Behavior of reinforced concrete beams strengthened with externally bonded hybrid fiber reinforced polymer systems

Abstract

This paper presents an experimental and an analytical investigation of the behavior of Reinforced Concrete (RC) beams strengthened in flexure by means of different combinations of externally bonded hybrid Glass and Carbon Fiber Reinforced Polymer (GFRP/CFRP) sheets. In order to obtain the mechanical properties of the hybrid sheets, multiple tensile coupon tests were conducted. In addition, an experimental program consisting of a control beam and four beams strengthened in flexure with GFRP, CFRP and hybrid FRP sheets was conducted. The series of the RC beams were tested under four point bending to study the flexural effectiveness of the proposed hybrid FRP sheets. The load–deflection response, strain readings at certain locations and associated failure modes of the tested specimens had been recorded.
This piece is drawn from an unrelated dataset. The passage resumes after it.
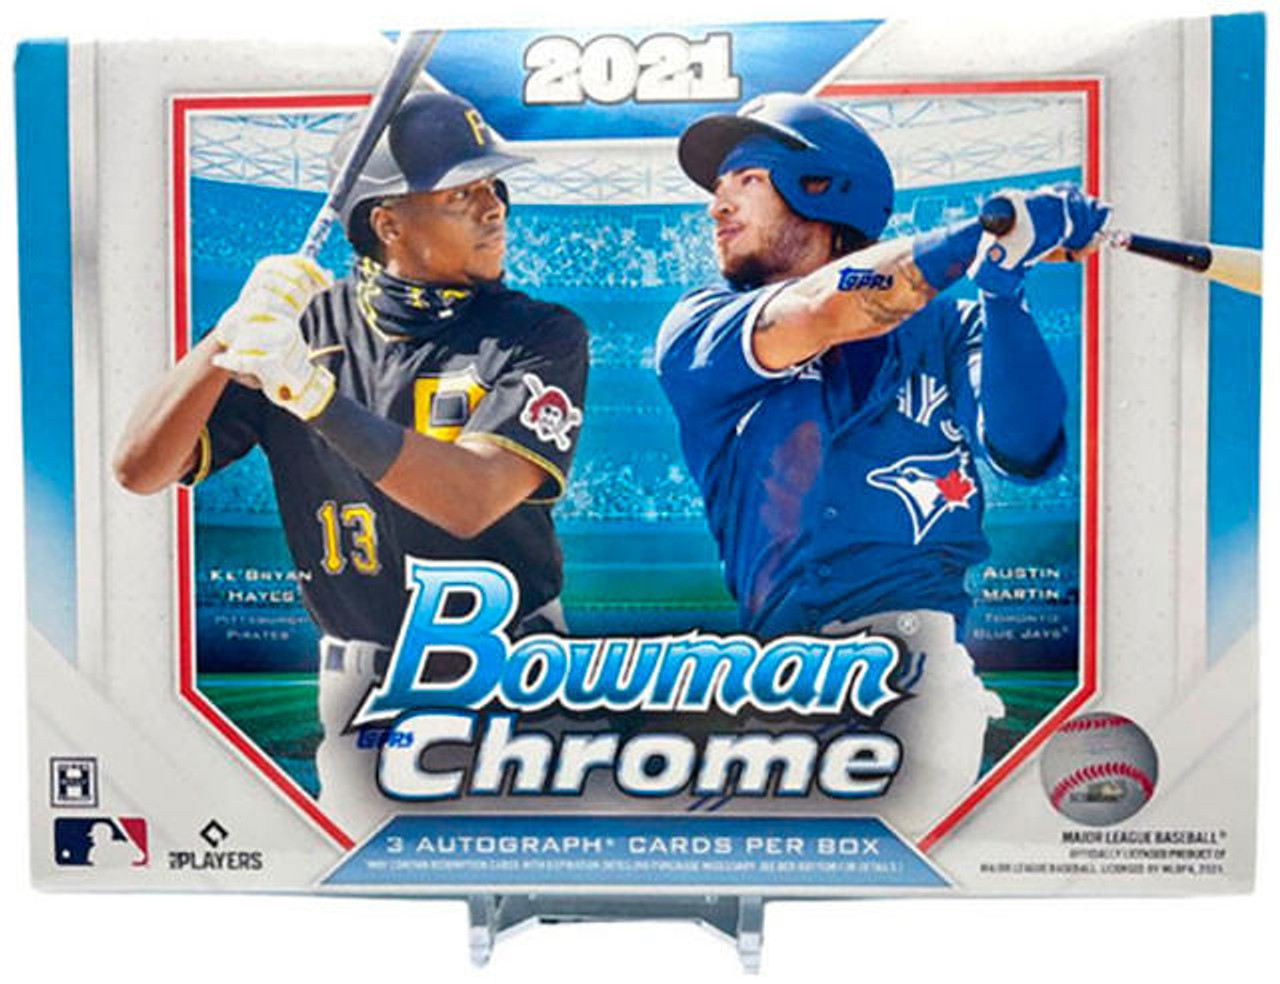  2021 Bowman Chrome Baseball Hobby Box (12 Packs/5
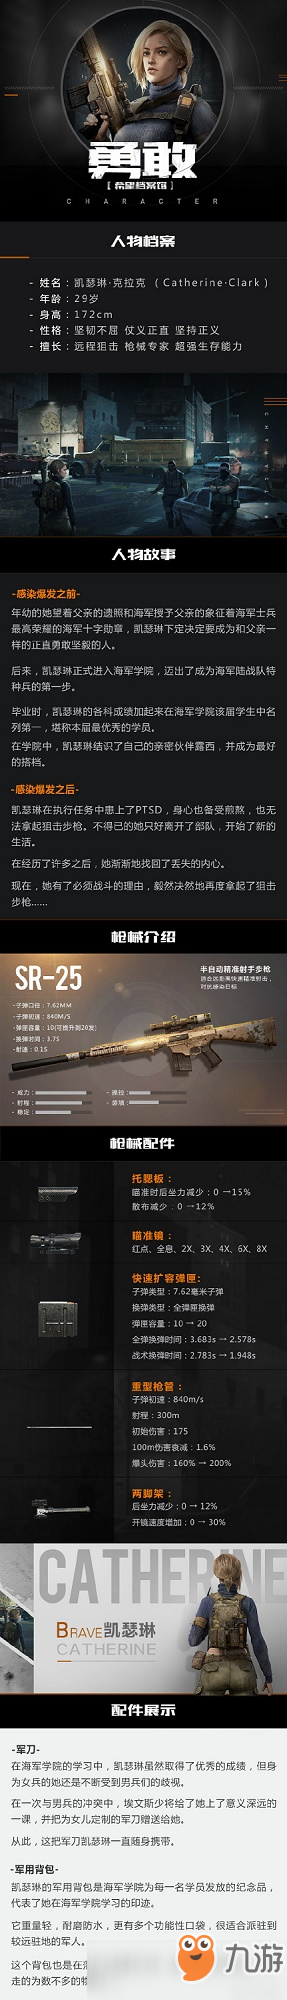 代号生机首支枪支SR-25爆料 代号生机凯新人物瑟琳克拉克介绍

It is observed that the increase in the load capacity of the strengthened beams ranged from 30% to 98% of the un-strengthened control RC beam depending on the combination of the Carbon/Glass sheets. It was also observed that the ductility at failure loads of the beams strengthened with glass and hybrid sheets is higher than that with a single carbon sheet. Hence, the selection of the optimum combination of hybrid sheets can lead to a strengthening material which provides an improved ductility and strength in beam behavior. The load carrying capacity of the tested specimens was then predicted by the ACI 440.2R-08 guidelines. The predicted and measured results were in good agreement, within 5% for the control beam and for beams with one layer of strengthening sheet and between 13% and 17% for beams with two or more layers of hybrid strengthening sheets. Furthermore, an analytical model was developed to predict the load–deflection response of the tested specimens and the results were compared with the measured experimental data. The results showed that the developed analytical model predicted the response of the tested beam specimens with reasonable accuracy.